Building Trust in Autonomous Vehicles using Object Explanation with Diverse Voices (Mentor: Dr. L. Gandy)
A major hurdle regarding autonomous vehicles is for the user to have trust in the autonomous system’s decisions and actions. Prior research demonstrates that user trust is strengthened when the system provides an explanation for its actions. With the advent of powerful vision recognition systems and large language models, it is now possible for the environment that the vehicle is reacting to to be described to the user in real time. In this project, students will develop two user interfaces for an AV simulator: one providing low-level explanations and another offering high-level explanations using the BLIP-2 system, which integrates vision and language processing. A study will measure user trust across three scenarios: no explanation, low explanation, and high explanation. Additionally, the project will explore the impact of explanation format by comparing text, male, and female-generated speech. This research will advance understanding of user interaction and trust-building in autonomous systems.
Investigation of Metal-oxide Nanosensors for Early Detection of Electric Vehicle Battery Failure (Mentor: Dr. C. Tait)
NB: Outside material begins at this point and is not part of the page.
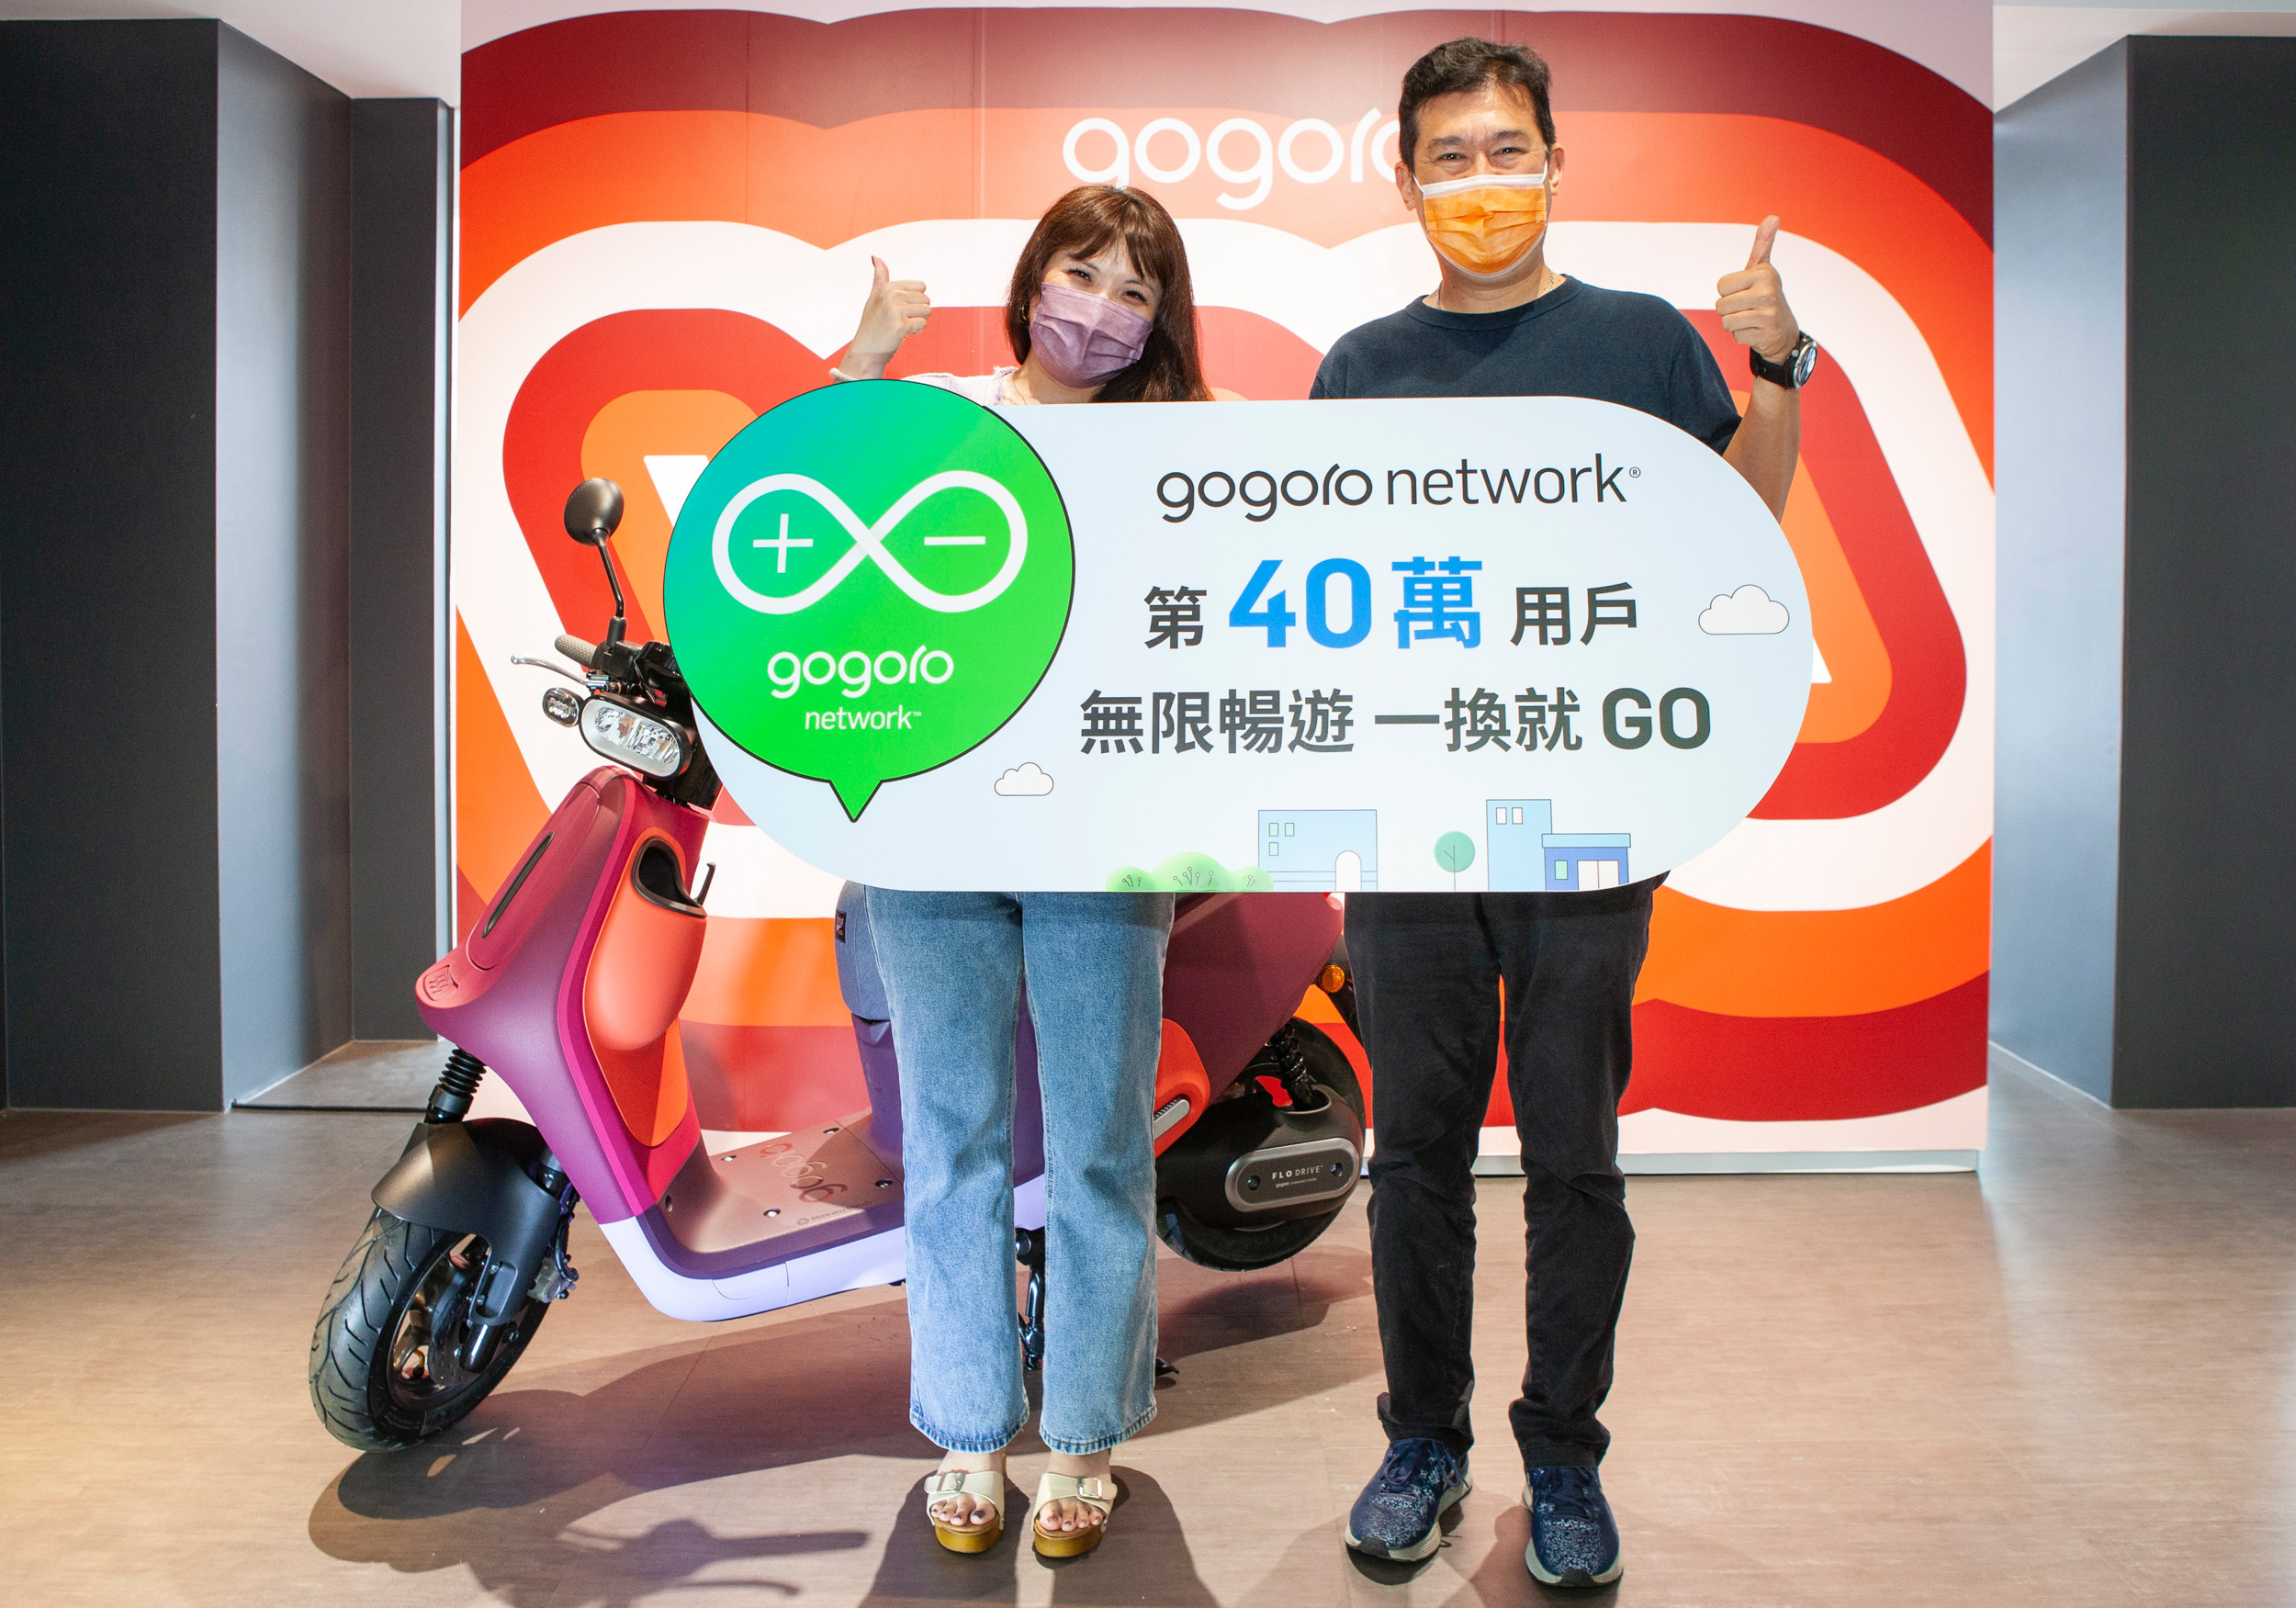 Gogoro Network 第 40 萬用戶誕生，獨享「年年 $0 元騎到飽」終身免繳電池資費。

As vehicle electrification is becoming more prevalent, safety in regards to Li-ion batteries is becoming more of a concern. When a defect develops in the battery cell (or outside of the battery itself), flammable gas generation, extensive heating, and, eventually, a fire and explosion may arise. Recent research points to gas sensors as a possible early detector of battery failure by sensing gas emissions developed during initial leakage. In this project, the student will explore pre-fabricated nanosensors through a structured four-step process. They will use advanced equipment like the Environmental Scanning Electron Microscope (ESEM) and X-ray Photoelectron Spectroscopy (XPS) to confirm sensor composition, measure sensor responses to gas emissions, and convert this data into gas concentration metrics. The findings will help improve early detection methods for battery failure, enhancing the safety of electric vehicle batteries.